Video-Text Retrieval Embdding with CLIP4Clip

author: Chen Zhang


This operator extracts features for video or text with CLIP4Clip which can generate embeddings for text and video by jointly training a video encoder and text encoder to maximize the cosine similarity.

Code Example

Read the text 'kids feeding and playing with the horse' to generate an text embedding.

from towhee.dc2 import pipe, ops, DataCollection

p = (
    pipe.input('text') \
        .map('text', 'vec', ops.video_text_embedding.clip4clip(model_name='clip_vit_b32', modality='text', device='cuda:1')) \
        .output('text', 'vec')

DataCollection(p('kids feeding and playing with the horse')).show()

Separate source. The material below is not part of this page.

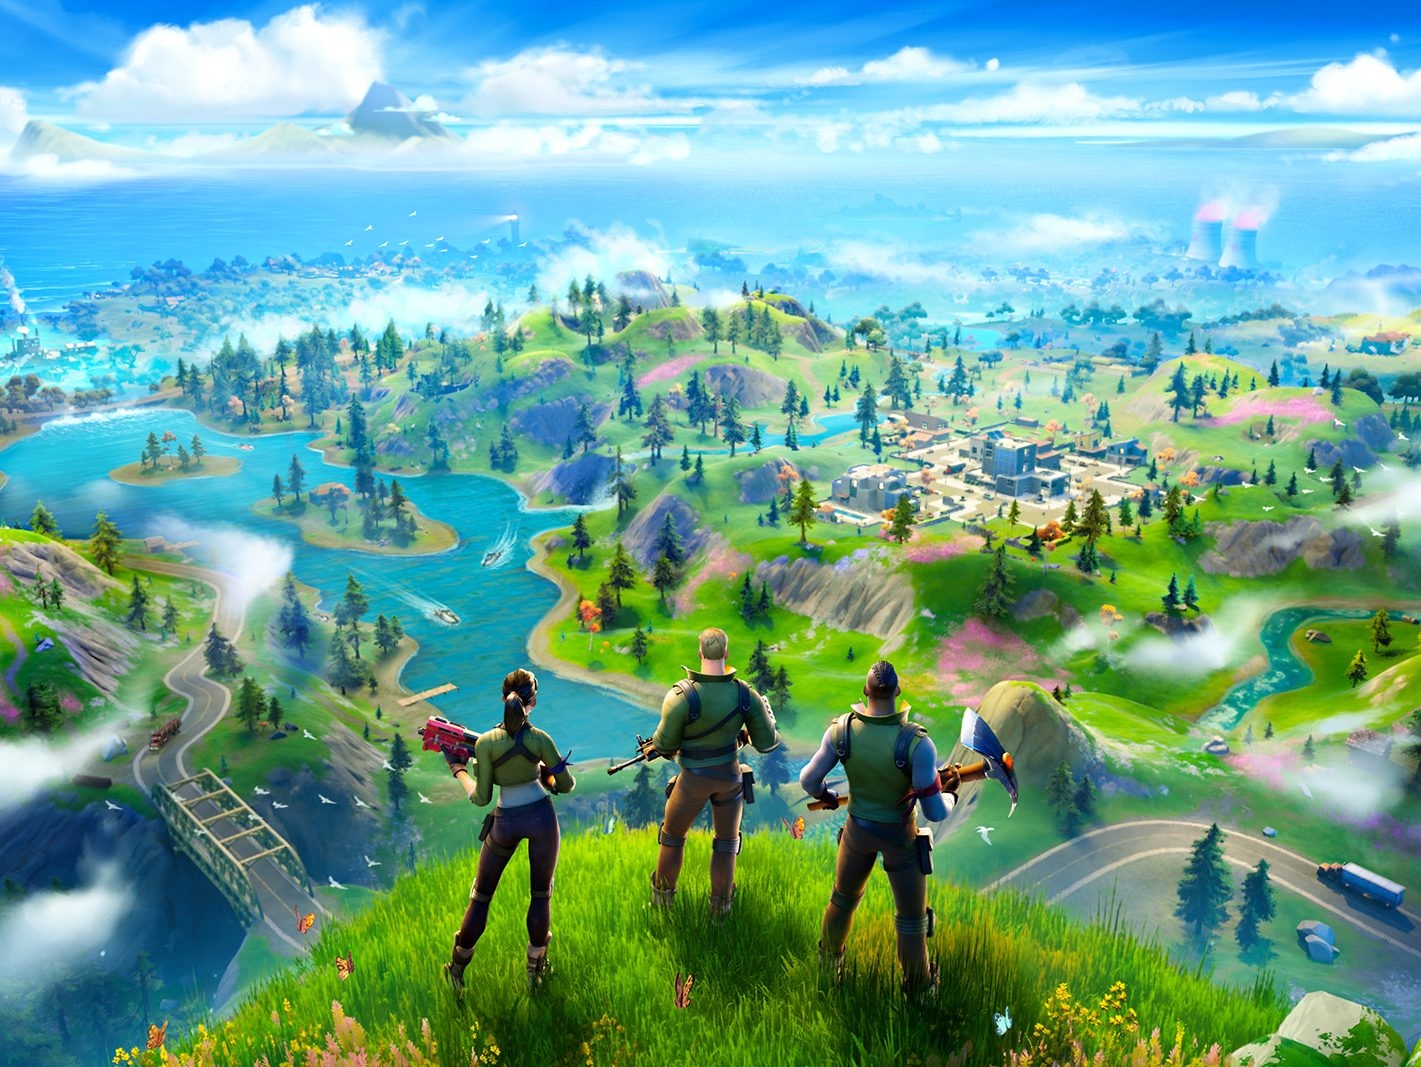 Fortnite players puzzle over the appearance of a mysterious cloud

Load an video from path './demo_video.mp4' to generate an video embedding.

from towhee.dc2 import pipe, ops, DataCollection

p = (
    pipe.input('video_path') \
        .map('video_path', 'flame_gen', ops.video_decode.ffmpeg(sample_type='uniform_temporal_subsample', args={'num_samples': 12})) \
        .map('flame_gen', 'flame_list', lambda x: [y for y in x]) \
        .map('flame_list', 'vec', ops.video_text_embedding.clip4clip(model_name='clip_vit_b32', modality='video', device='cuda:2')) \
        .output('video_path', 'flame_list', 'vec')


Factory Constructor

Create the operator via the following factory method

clip4clip(model_name, modality, weight_path)


model_name: str

​ The model name of CLIP. Supported model names:

  • clip_vit_b32

modality: str

​ Which modality(video or text) is used to generate the embedding.

weight_path: str

​ pretrained model weights path.


An video-text embedding operator takes a list of towhee image or string as input and generate an embedding in ndarray.


data: List[towhee.types.Image] or str

​ The data (list of image(which is uniform subsampled from a video) or text based on specified modality) to generate embedding.

Returns: numpy.ndarray

​ The data embedding extracted by model.